• [Required work] Please copy each line of the listing below precisely, excluding the images.

• [Dataset excerpt]
• • • •
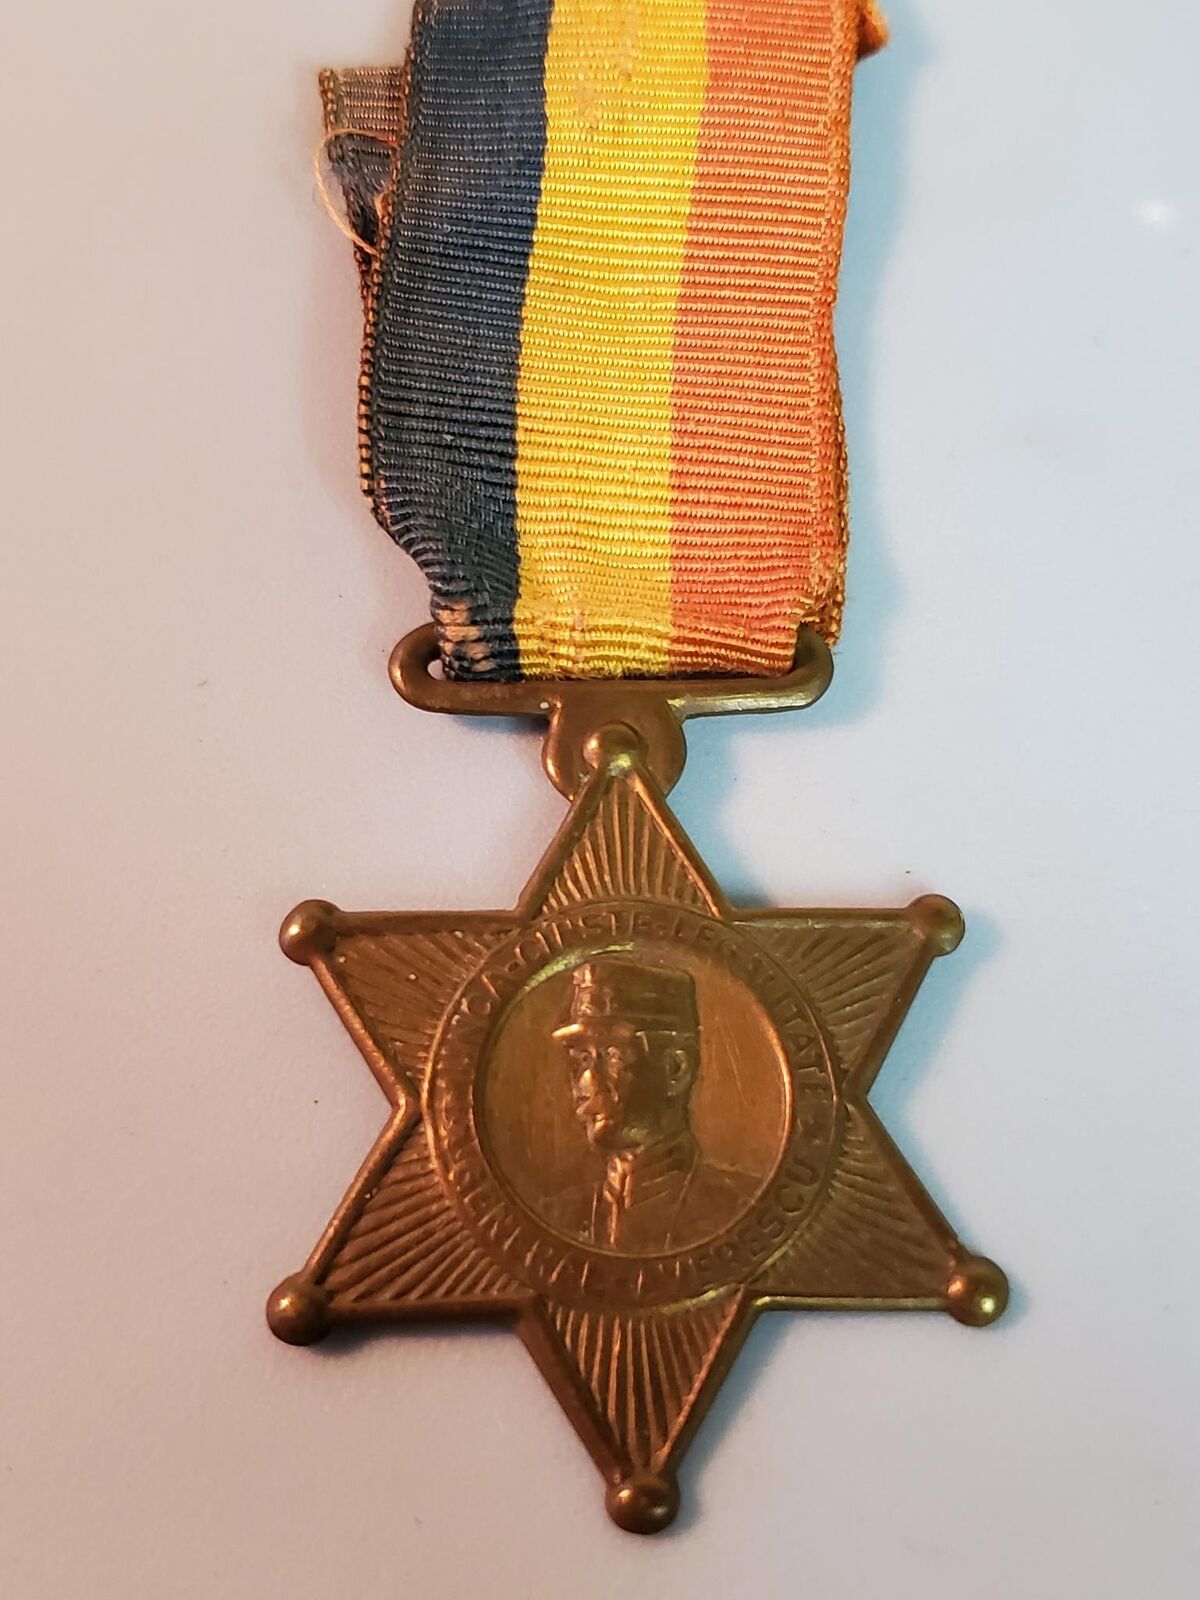 General Averescu logo of star peoples league in interwar Romania medal w/ribbon
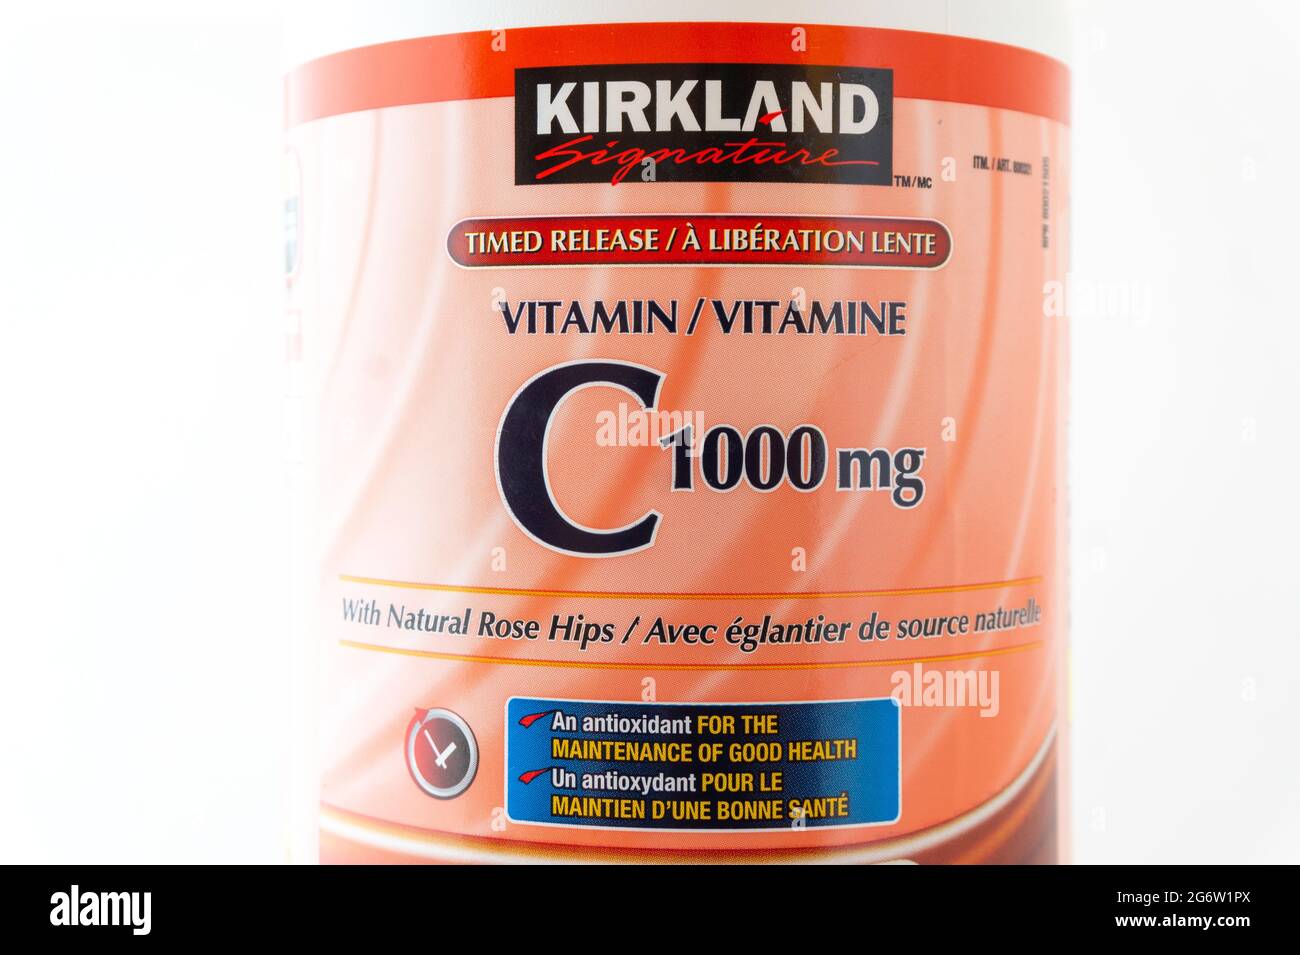 Kirkland Signature Vitamin C 1000mg in plastic bottle Stock Photo
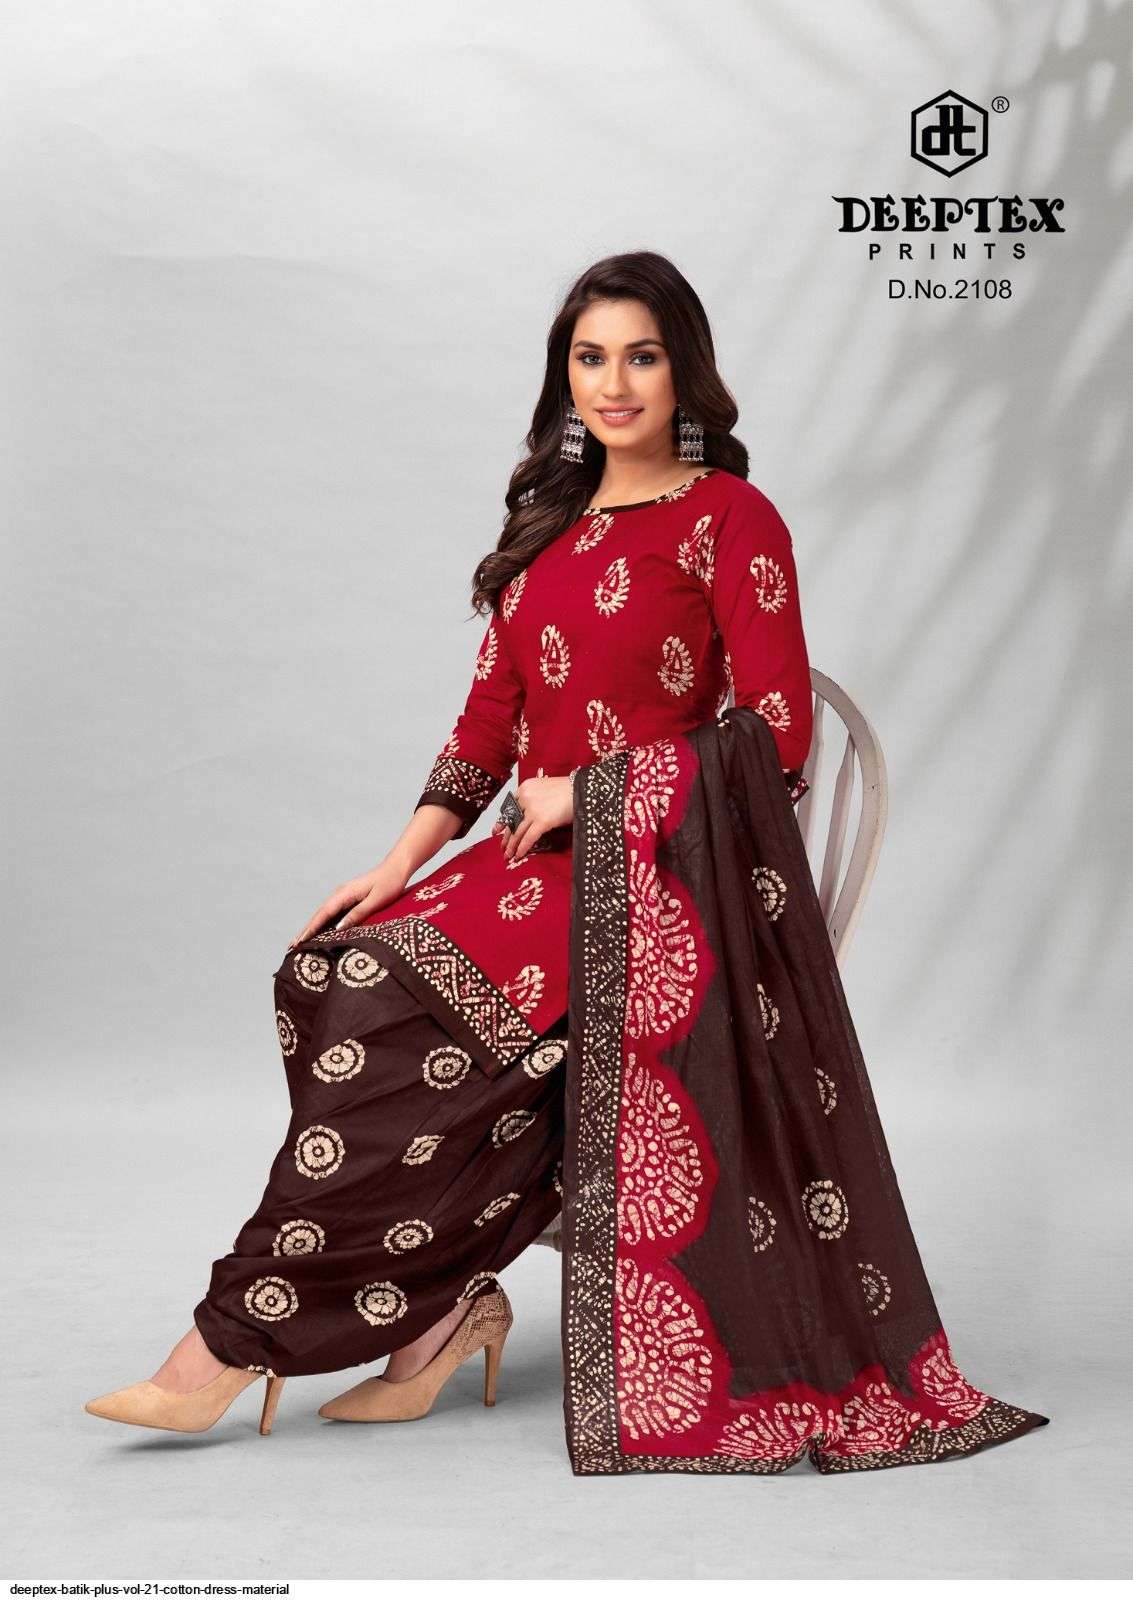 Batik Plus Vol-21 By Deeptex Prints 2101 To 2110 Series Beautiful Festive Suits Colorful Stylish Fancy Casual Wear & Ethnic Wear Pure Cotton Print Dresses At Wholesale Price
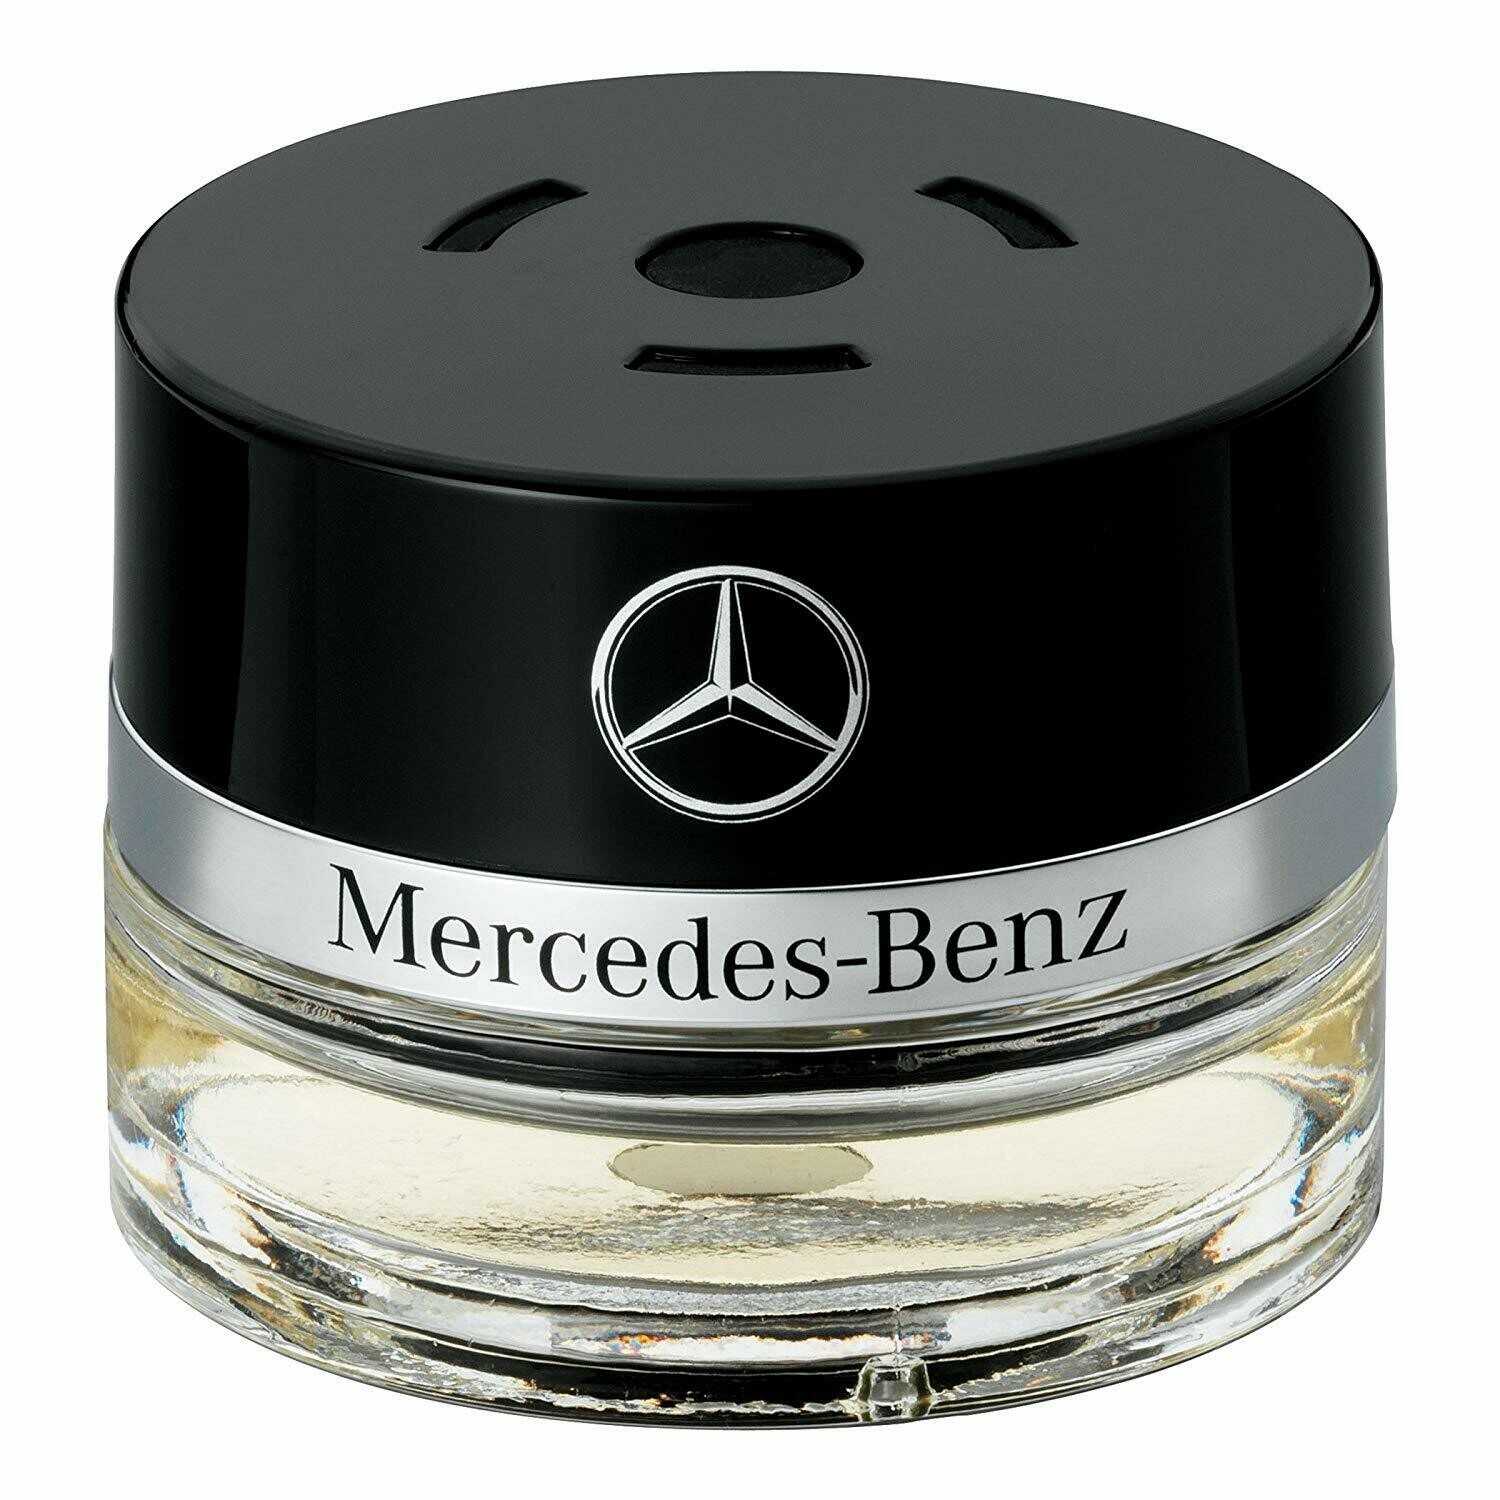 Mercedes-Benz Air Spencer Nightlife Mood
• • • •
• [Answer box]
 General Averescu logo of star peoples league in interwar Romania medal w/ribbon
 Kirkland Signature Vitamin C 1000mg in plastic bottle Stock Photo
 Batik Plus Vol-21 By Deeptex Prints 2101 To 2110 Series Beautiful Festive Suits Colorful Stylish Fancy Casual Wear & Ethnic Wear Pure Cotton Print Dresses At Wholesale Price
 Mercedes-Benz Air Spencer Nightlife Mood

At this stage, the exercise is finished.